# Tadafusa--Gyuto recommendations



## jades (Oct 19, 2016)

I've read various threads with recommendations--all helpful. I'm looking for a Gyuto knife that's in the $100-200 range and 210mm or above, though I've often felt that a longer knife feels a little clunky (but that is mostly referring to the current Cutco knife I have). I went into a knife store today in San Francisco and the employee recommended this exact knife: http://bernalcutlery.lightspeedwebs...uto-aogami-no2-bubinga-western-handle/dp/1961. I do like the handle (a little bit big) and the feel of the blade. I'm wondering your thoughts. I've seen it for cheaper: http://www.epicedge.com/shopexd.asp?id=91019 , but that's with a different handle. The store owner/employee did mention, what I've come to understand in my research, that brands like Shun, have become more factory than smith (and, it seemed, included Masamoto in this category).
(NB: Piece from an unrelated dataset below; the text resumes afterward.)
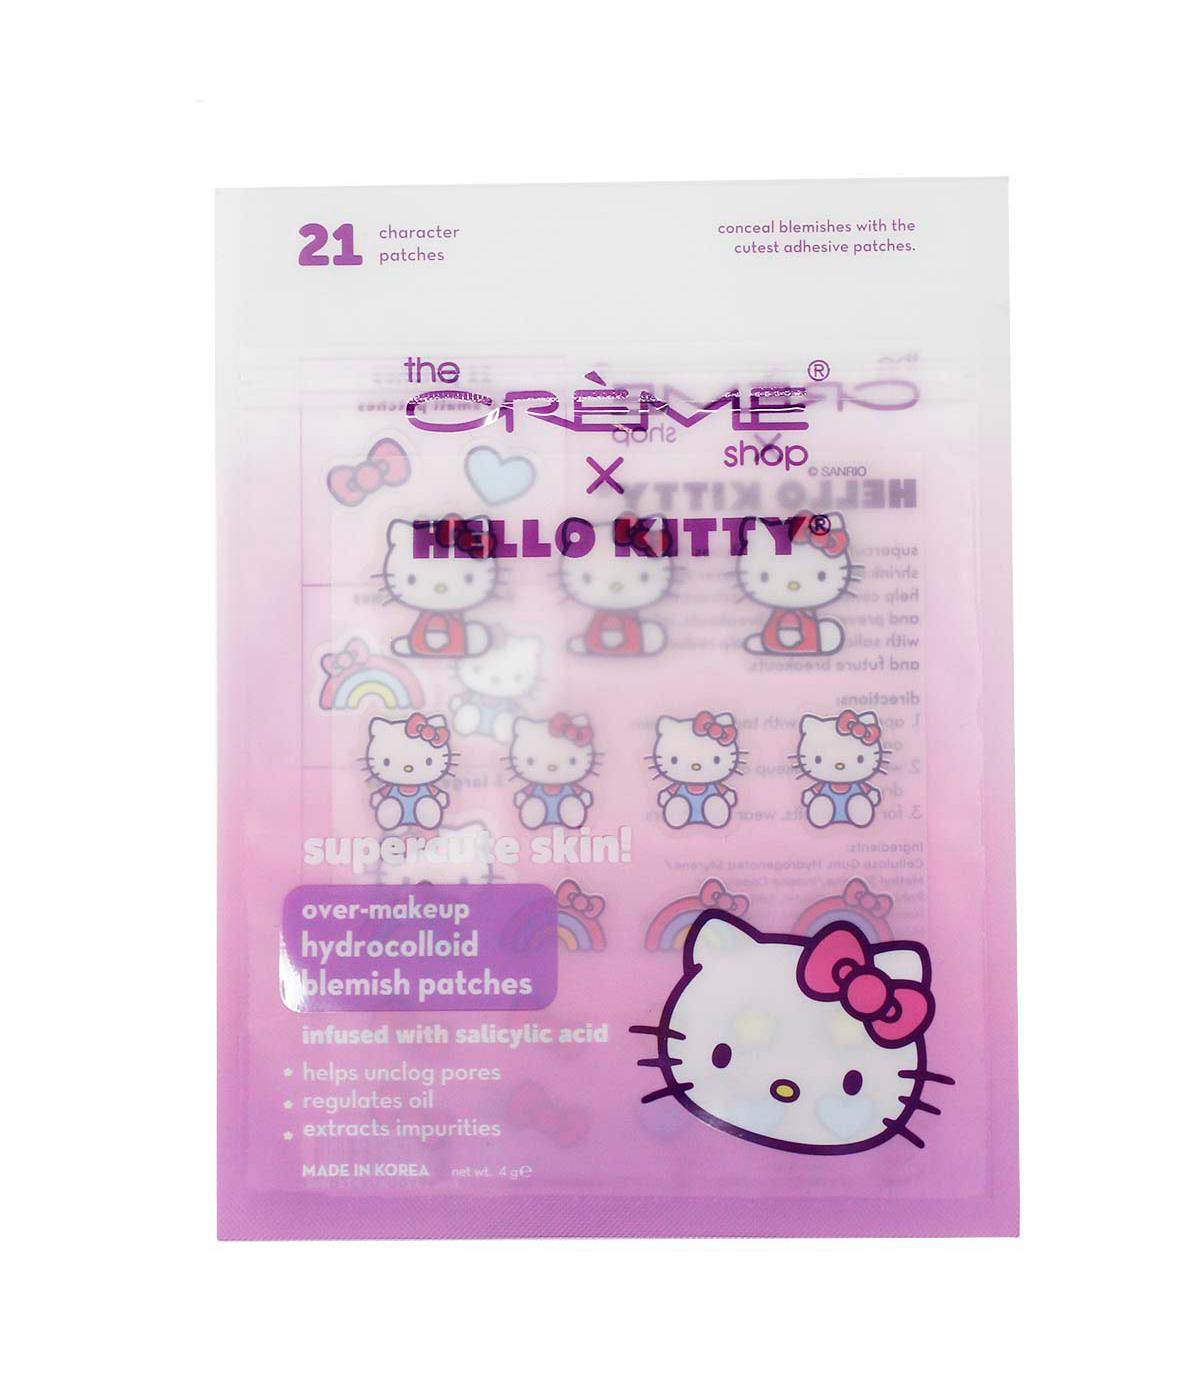 The Crème Shop X Hello Kitty Supercute Skin! Patches; image 1 of 2

I'm really look for the best bang for my buck. Don't care for names, etc; though it does seem like certain knife makers develop reputations because they make good knives. Go figure. I'm willing to do whatever maintenance required for a high carbon blade if that will get me a nicer knife (that will hold an edge longer and sharper).

I know this post might be frustratingly vague for some of you who know much more about knives. I'm willing to answer questions that could hopefully _hone_ in on what I don't know I'm looking for.

Thanks so much!

Jimmy


----------



## foody518 (Aug 6, 2015)

Hi Jimmy, welcome to Cheftalk

The profiles (shape) that most J-knives have are going to feel a lot better than your current Cutco. The Cutco chefs knife profile is not good (in terms of usable length and usefulness of the tip, how your arm/elbow/shoulder may have to move to use parts of the knife). You may very well feel fine with something like a 240mm J-knife. 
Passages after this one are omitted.